Surviving cancer in a country with no radiotherapy machine
Monica Kyotazala has lived with a life-threatening disease for 12 years.
In 2006, she was diagnosed with cervical cancer, and her body shows the physical ravages of the condition.
Painfully thin and with a faltering voice, she explains how she went without adequate medical treatment for close to two years, after Uganda's only radiotherapy machine broke down.
After the machine failed, doctors prescribed two doses of chemotherapy for Ms Kyotazala.
"I didn't have the money," she says, beginning to cry. "I spent a month without getting the treatment. My children were trying to raise the money. So I survived on just morphine, for the pain. I had to go back home and wait."
For Ms Kyotazala, and patients like her, the wait is finally over.
Friday marks the official unveiling of Uganda's new Cobalt 60 radiotherapy machine.
Its predecessor failed in April 2016, after 21 years in operation.
Those who could afford it went abroad for treatment, including to Kenya and India. Those who couldn't, had to pay for alternative forms of treatment, or wait in distress.
Some got worse, and died.
The arrival of the new machine is potentially life-saving, even if it remains the only one for a country of more than 40 million people.

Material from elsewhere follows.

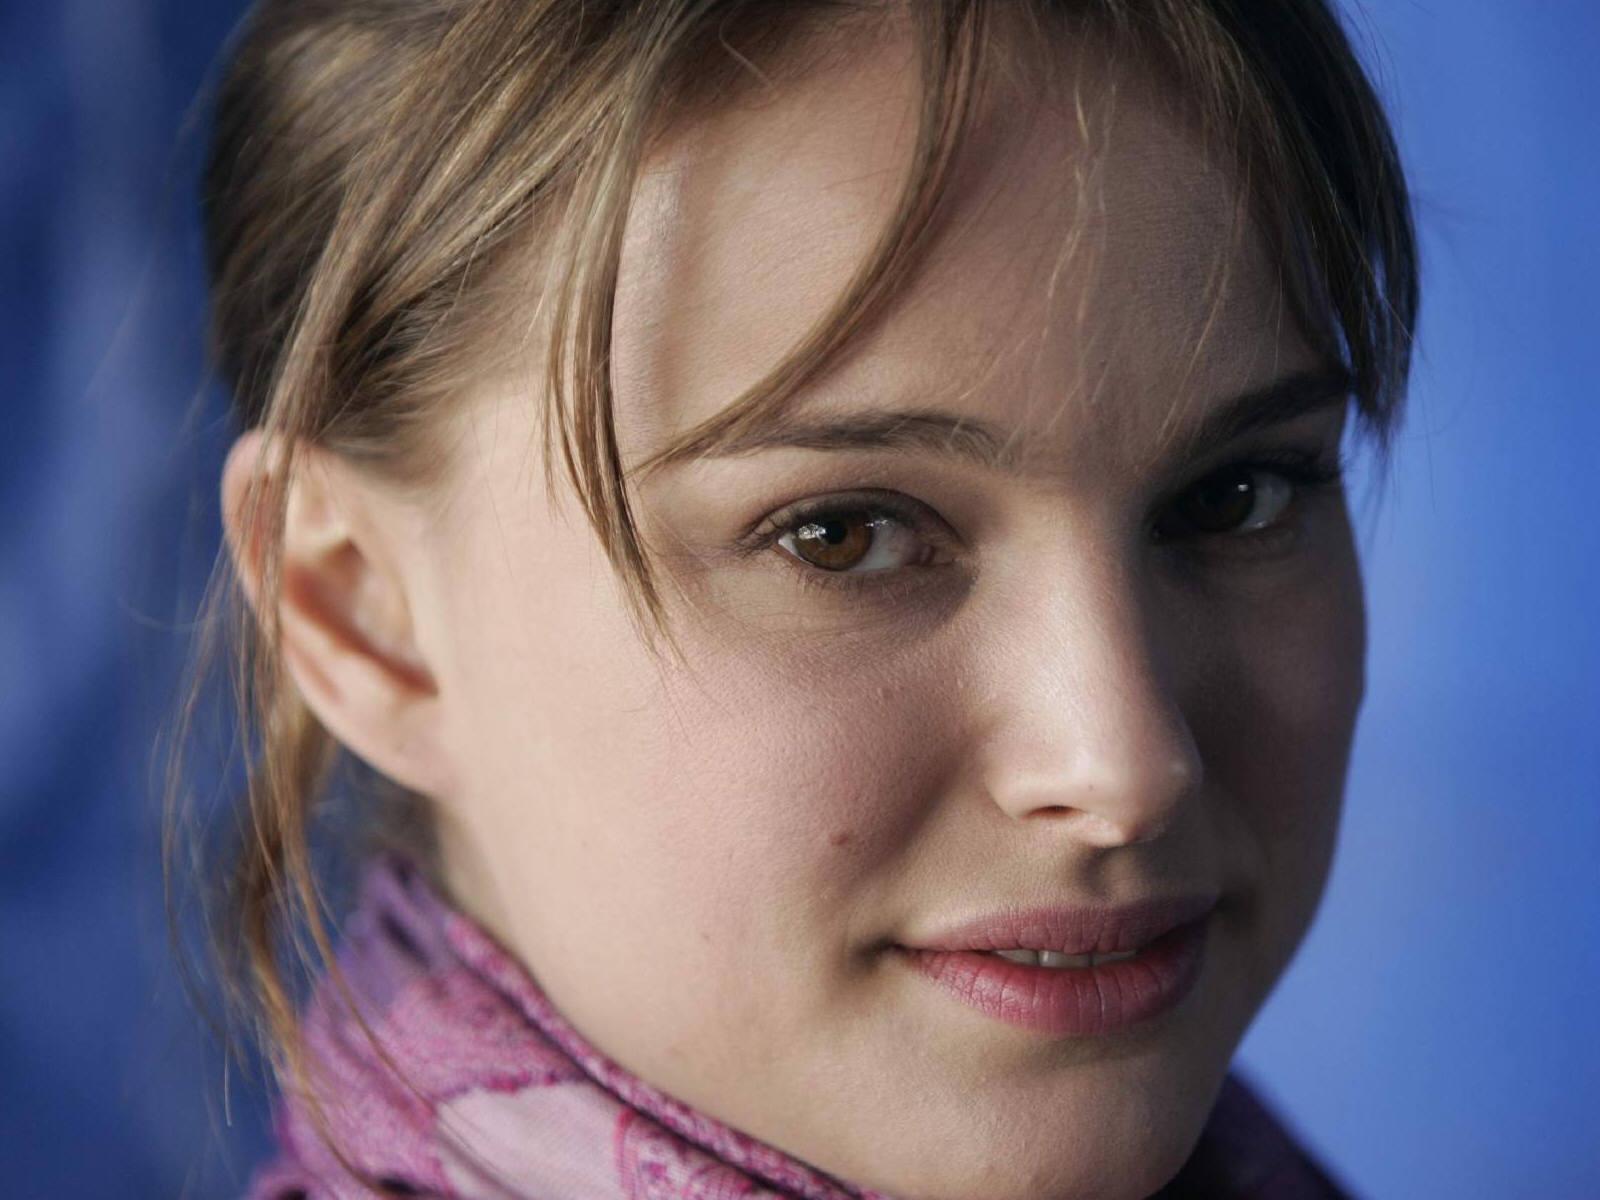 http://4.bp.blogspot.com/-2OQbWAAENZU/TsU98SWLuRI/AAAAAAAAJQg/9Rp29VVr_2Q/s1600/Natalie_Portman_DESKTOP_cute_WALLPAPER_smile.jpg

Ms Kyotazala has already had 15 back-to-back sessions in the new device, treatment that requires her to make a 120-km (75-mile) journey from her village in Iganga, eastern Uganda, to the country's capital, Kampala.
She says she is finally hopeful of making a recovery.
At the Uganda Cancer Institute at the Mulago National Referral Hospital, radiotherapy is free, but chemotherapy and other cancer treatments are not.
The cheapest dose of chemotherapy costs around 300,000 Uganda shillings ($85; £60). More expensive treatments cost as much as 1m shillings ($280; £205), says Rose Kiwanuka, head of the Palliative Care Association of Uganda.
"Sometimes patients cannot even find all the doses prescribed at the national hospital," she adds. "They would have to buy them from private pharmacies, if they are in stock, and then bring the drugs to the doctors. That just goes to show the need for radiotherapy."
The Uganda Cancer Institute is hailed as a centre of excellence across the region and receives about 7,000 new patients every year, and close to 37,000 return visits. Its patients come from Uganda, the Democratic Republic of Congo, South Sudan, Burundi, and even some parts of Kenya and Tanzania.
About three-quarters of all new cases would require radiotherapy.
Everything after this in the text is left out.